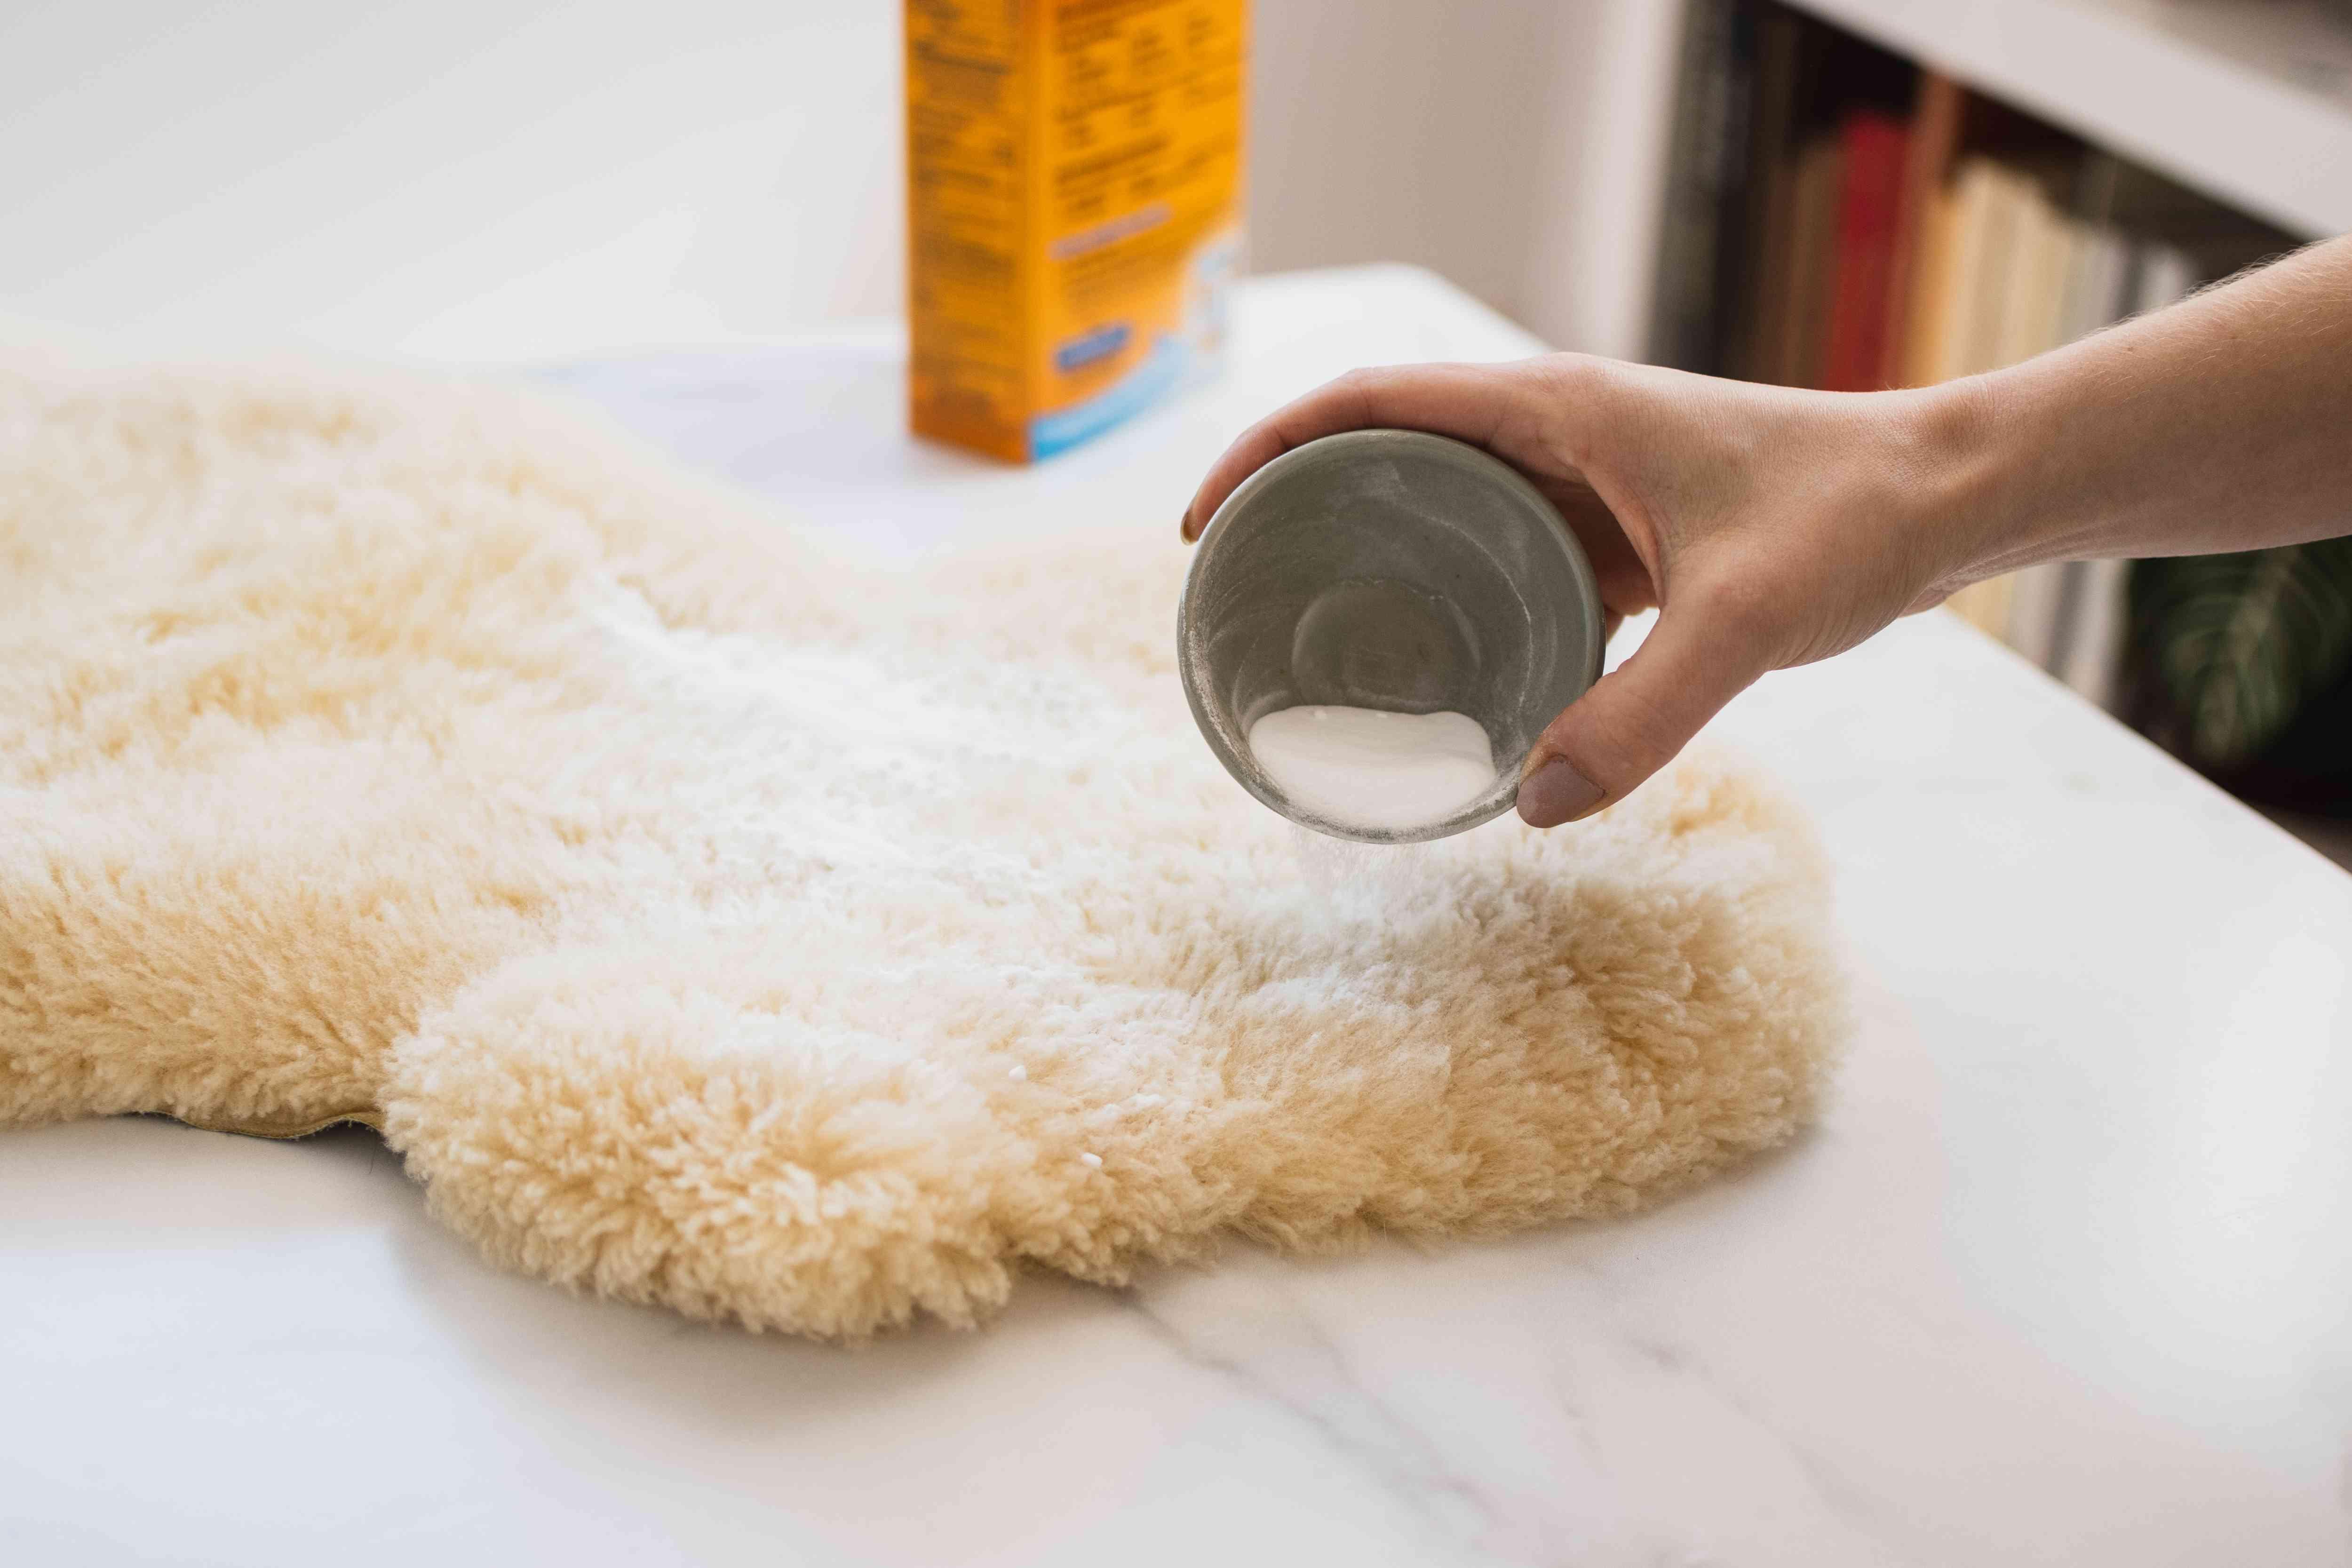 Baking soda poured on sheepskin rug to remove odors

---

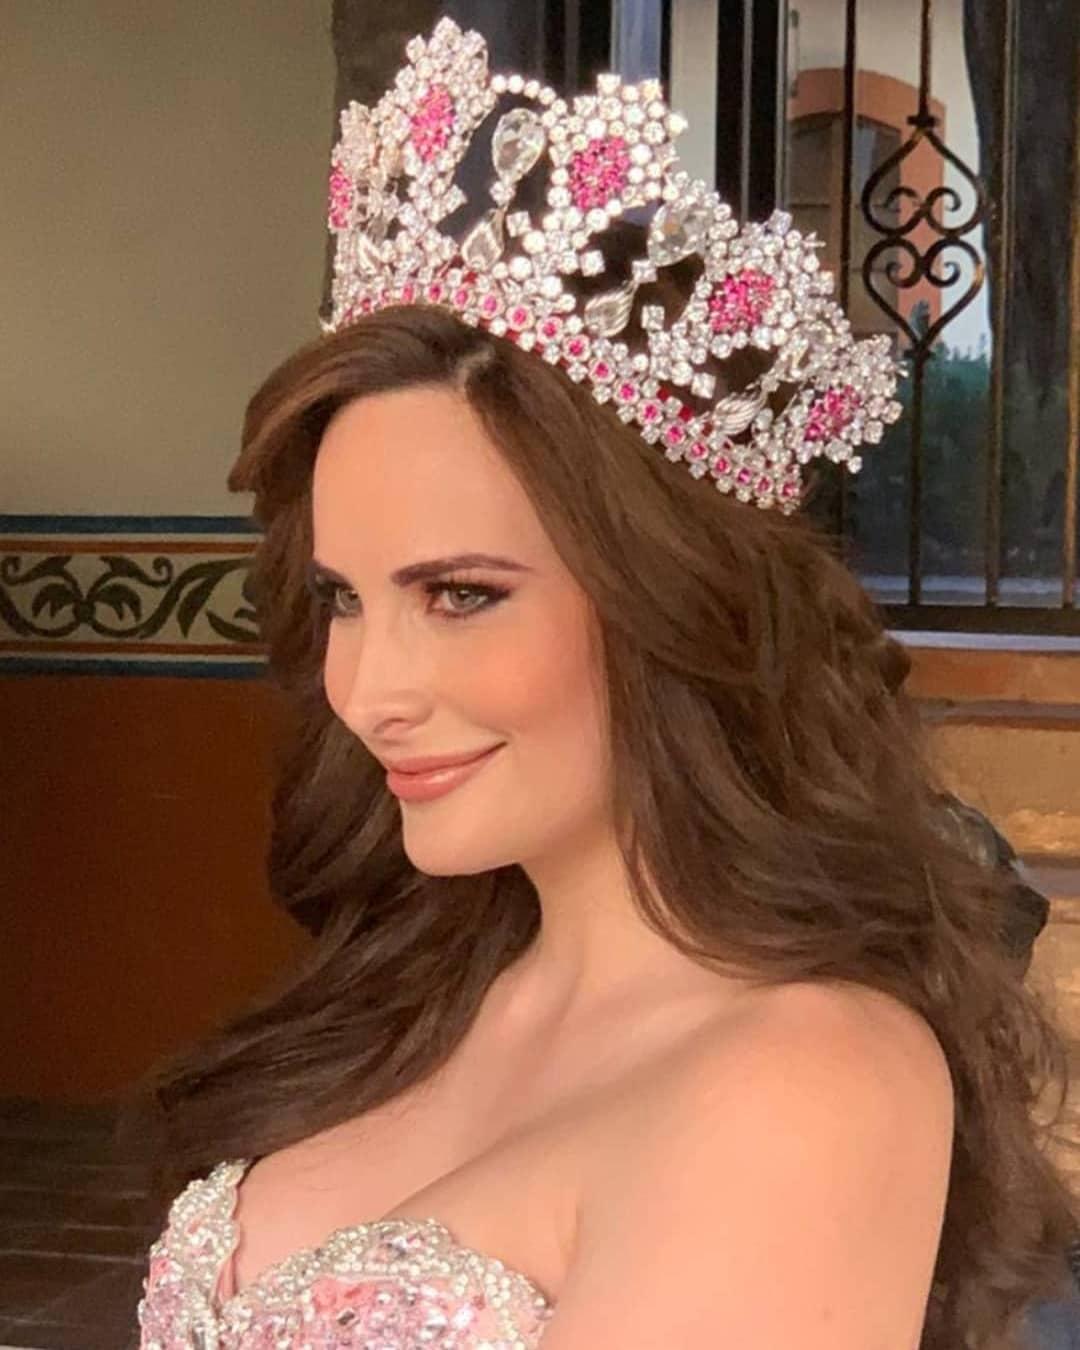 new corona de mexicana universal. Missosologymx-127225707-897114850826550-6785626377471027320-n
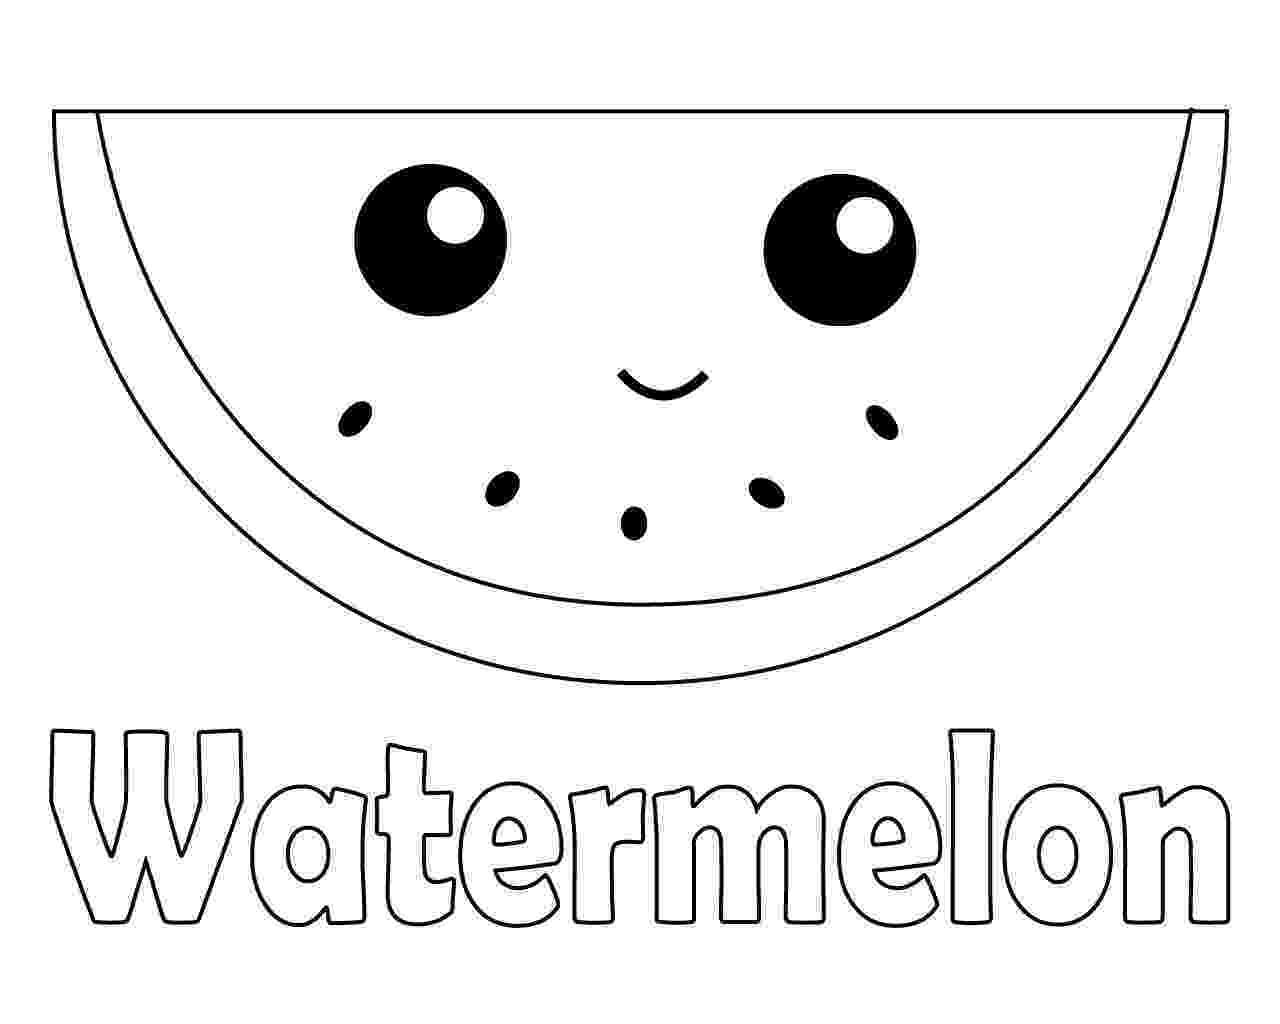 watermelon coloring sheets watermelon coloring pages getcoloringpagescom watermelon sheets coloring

WHAT TO WORK ON: In the listing above, find the line with "new corona de" and the line with "watermelon coloring sheets". Set down exactly those lines and everything between them, skipping pictures.

EXPECTED ANSWER:
 new corona de mexicana universal. Missosologymx-127225707-897114850826550-6785626377471027320-n
 watermelon coloring sheets watermelon coloring pages getcoloringpagescom watermelon sheets coloring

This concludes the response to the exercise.